Mit solchen Rückständen durfte in den letzten zwei Jahren nicht einmal Stefan Bradl unter die Augen der HRC-Manager Shuhei Nakamoto und Livio Suppo treten.
Für Marc Márquez, der letztes Jahr die ersten zehn Rennen gewann und insgesamt 14 von 18 MotoGP-Siegen abstaubte, ist die aktuelle WM-Situation schwer zu verkraften. Er liegt auf dem vierten WM-Rang, 33 Punkte hinter dem guten, alten Rossi.
Und bei den nächsten zwei Rennen in Mugello und Barcelona mit den jeweils 1,1 km langen Zielgeraden würde ich nicht gegen einen Ducati-Triumph wetten.
Zwei Podestplätze in fünf Rennen, das ist besorgniserregend für HRC und Repsol-Honda, denn sie haben im Gegensatz zu Yamaha nur ein Eisen im WM-Feuer. Team-WM und Marken-WM sind schon so gut wie verloren.

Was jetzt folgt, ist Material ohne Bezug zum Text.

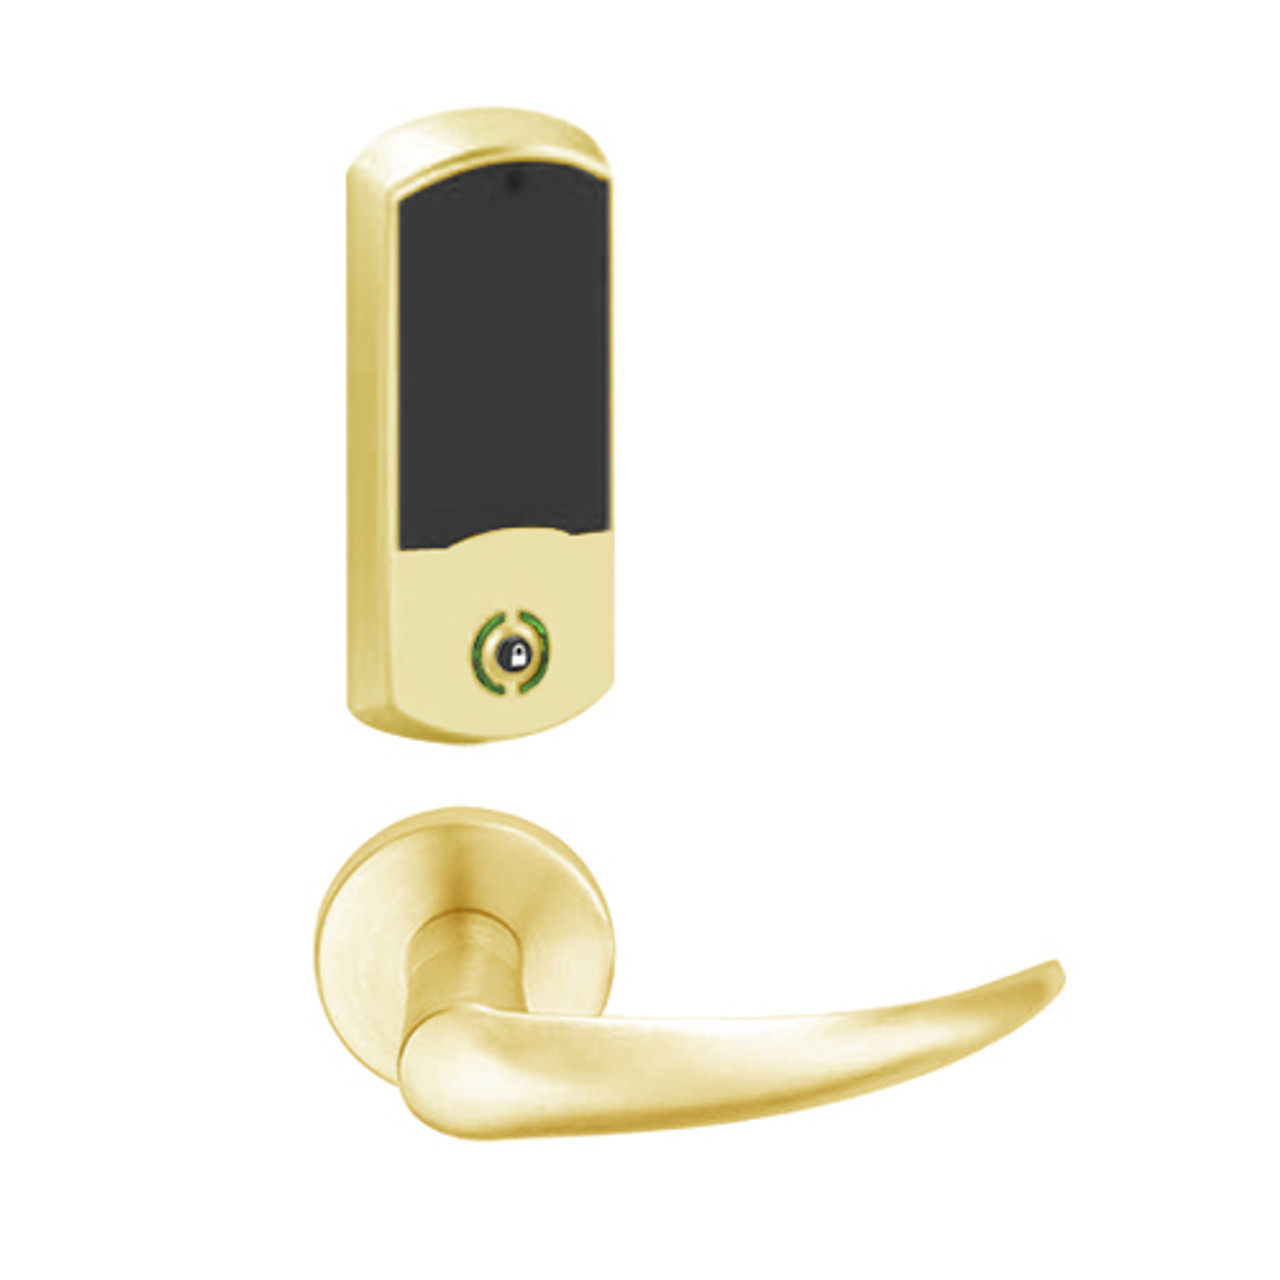 LEMB-GRW-J-OME-605-00B Schlage Privacy/Office Wireless Greenwich Mortise Lock with LED Indicator and Omega Lever Prepped for FSIC in Bright Brass

In der Konstrukteurs-WM hält Yamaha bei 116 Punkten, Ducati bei 86, Honda bei 85. In der Team-WM führt Movistar-Yamaha mit 189 Punkten vor Ducati Corse (144) sowie Repsol-Honda (84).
Marc Márquez wurde schon öfters nachgesagt, seine Testfahrer-Qualitäten seien nicht berauschend. Deshalb wurde zum Beispiel 2013 mehrmals Stefan Bradl zu HRC-Tests eingeladen, danach wurde Casy Stoner als Testfahrer verpflichtet. Und auch Dani Pedrosa spielt bei der Entwicklung der RC213V seit Jahren eine massgebliche Rolle.
Das Ergebnis von Le Mans spricht Bände: Nur eine Honda in den Top- Ten, dafür vier Yamaha und vier Ducati und eine Suzuki. Zum zweiten Mal in diesem Jahr (nach Katar) stand kein Honda-Fahrer auf dem Podest.
Nach dem Sturz und dem blamablen 16. Platz wurde Pedrosa am Sonntagnachmittag etwas deutlicher, was die Honda-Probleme betrifft. «Wir müssen jetzt das Motorrad dringend verbessern, das wird ziemlich schwierig. Denn ich spüre einige Bereiche, in denen wir mit diesem Motorrad Mühe haben. Wir müssen überlegen, wie und wo wir das Bike besser machen können. Ich hoffe, dass uns in den nächsten Wochen dazu ein paar Ideen einfallen. Im Moment ist klar: Wir liegen zurück, wir müssen zu unseren Rivalen aufholen», stellte der Honda-Star fest. «Ich bin im Rennen von Le Mans immer allein gefahren, deshalb kann ich nicht genau abschätzen, wo wir unsere Zeitverluste einfangen. Ich denke, wir verlieren beim Reinfahren und beim Rausfahren aus den Kurven.»
Auch Weltmeister Marc Márquez nahm sich kein Blatt mehr vor den Mund, es gibt nichts mehr schönzureden. «Man hat im Rennen gesehen, dass alle Honda-Fahrer über das gleiche Problem geklagt haben. Das ist in gewisser Hinsicht ?beruhigend. Allerdings müssen wir uns fragen, warum sich die veränderten Verhältnisse mit höheren Asphalttemperaturen nur bei uns negativ ausgewirkt haben. Das Wetter war ja für alle gleich», sagte Márquez.
Márquez weiter: «Unsere Probleme lassen sich nicht ?über Nacht lösen. Wir haben jedenfalls viel Arbeit vor uns. Um dem Problem auf die Schliche zu kommen, müssen wir Rennen bestreiten. Wir haben beim Reinfahren in die Kurven Mühe, weil wir arg ins Rutschen kommen. Wir haben uns da zwar ein bisschen verbessert. Der Montag-Test in Jerez hat mir geholfen, wir haben dann besser verstanden, warum wir dort das Rennen verloren haben. Aber die Verbesserung macht keinen Riesenunterschied aus, es ist kein Unterschied wie zwischen Tag und Nacht. Wir sind nur eine winzige Kleinigkeit besser geworden.»